Skill — Time Blocking/Planning and Prioritizing Look ahead to your week. Decide on how many hours or blocks of time you want to dedicate to working out. Physically block out that time in your calendar. This is simply step one. With each block of time you input into your calendar, you are setting your best of intentions. You understand it may not be followed to a tee and that’s ok. Having that extra nudge of a calendar appointment with yourself is the first line of defense against defaulting on your health-promoting behavior practice.
Skill — Set and Maintain Minimums Looking ahead at what you planned in terms of a health-promoting behavior like working out, ask yourself what is the smallest amount of working out that you would be happy with. If you had zero motivation and life was coming at you fast, what is your bare minimum workout? How could you score a win on a day when your time block for working out disappears or shrinks?
Skill — Obstacle Planning After you have planned ahead and added your workouts to your calendar, you should stop and say to yourself “there is no way this week will go exactly as I have planned it”. There will be obstacles in your way. You are going to be stressed multiple times. In order to not be caught off guard once again, spend time thinking ahead about your obstacles. Take a piece of paper and write “If” on one side, and “Then” on the other side. In the “If” column, brainstorm all the things that tend to come up as obstacles to you working out. In the “Then” column, make a plan for what you will do if you encounter that obstacle (and you will).

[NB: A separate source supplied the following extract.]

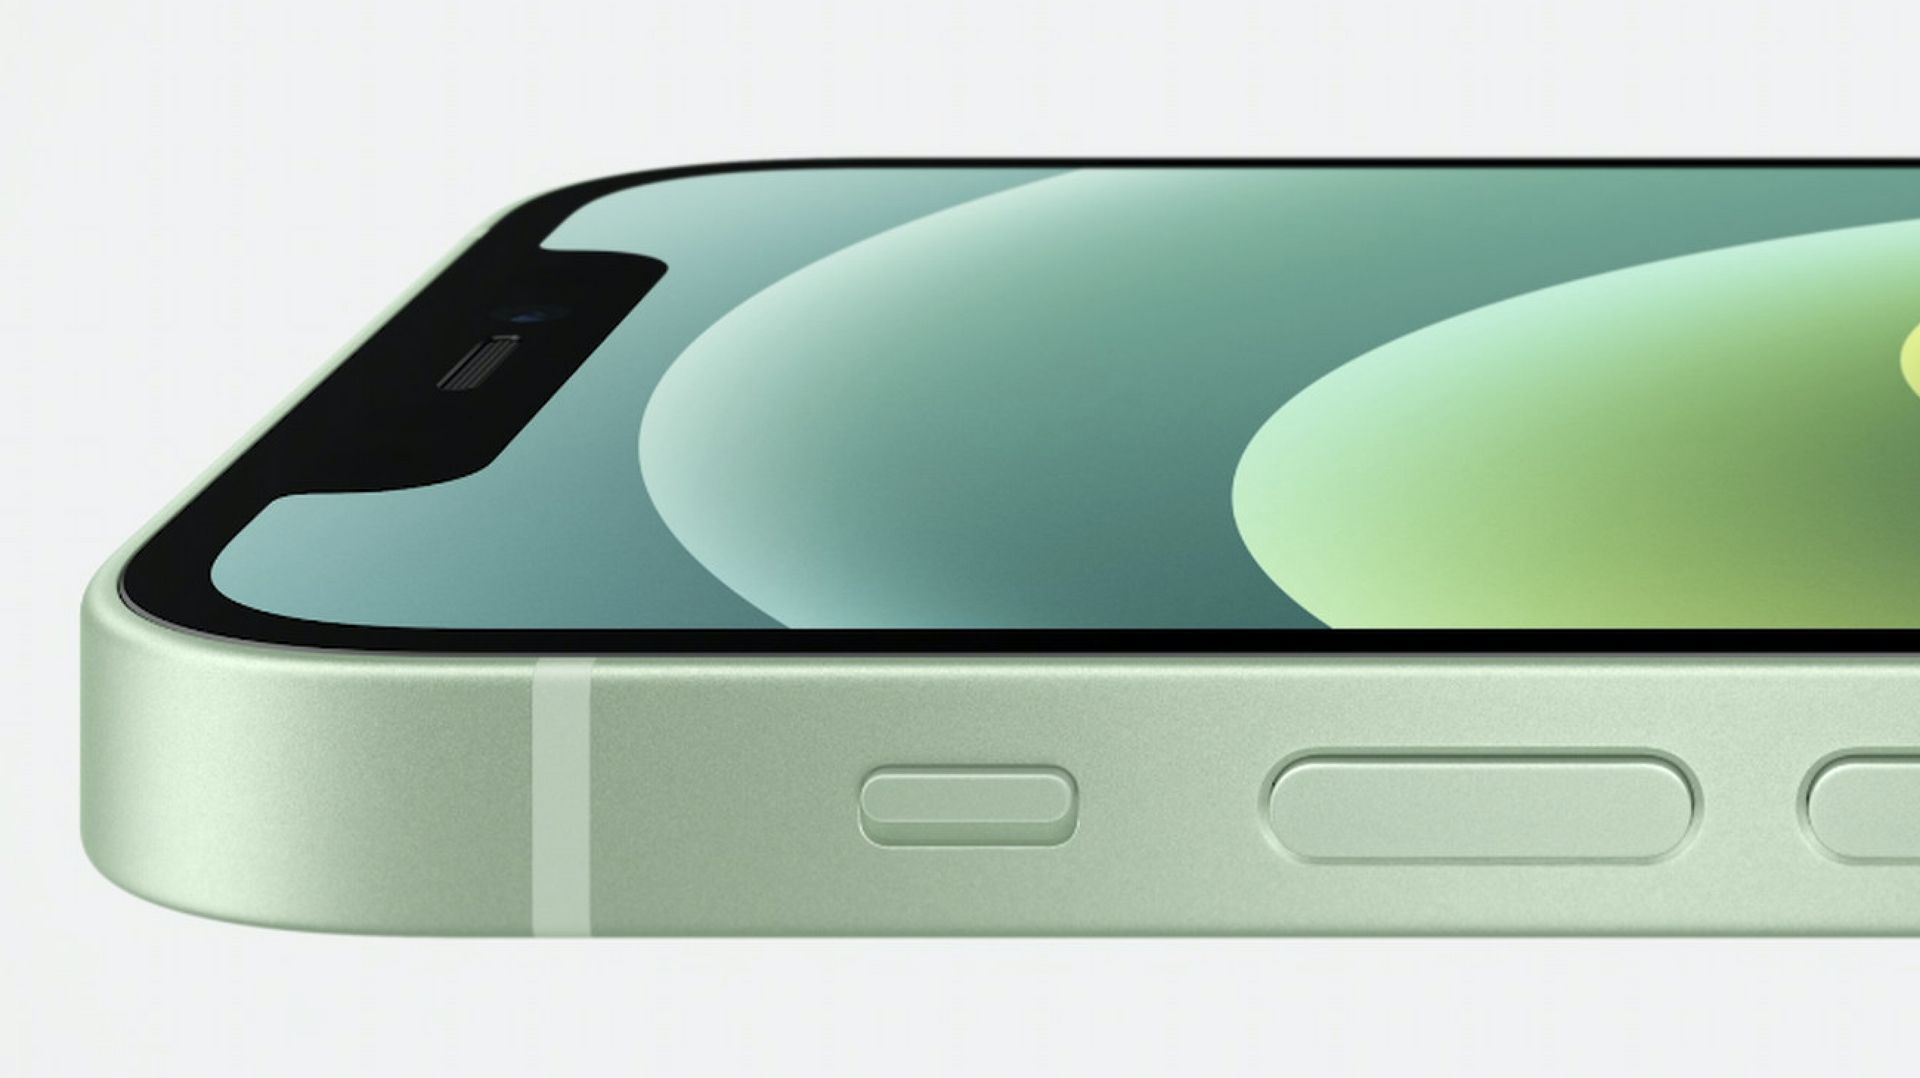 Apple officialise la gamme iPhone 12 et s’ouvre à la 5G

Skill — Debrief Another skill of flexible consistency is the debrief. This is where you look back at the evidence you have gathered over the past couple of weeks. Did you workout as consistently as you would have liked? Are you happy with that number? What stopped you? What worked in countering those obstacles? What didn’t work? What else can you do to stay on course when conditions are less than ideal? Try everything like an experiment. Constantly tinkering and asking questions and studying the results will help you find the right recipe for flexible consistency and success. Over time you will see what your norm is and be able to hold yourself accountable to that line and/or work to supersede it at times. If you look back and see that you hit your goals 70–80% of the time, great work. You can be reassured that you are most likely living in that flexible consistency zone.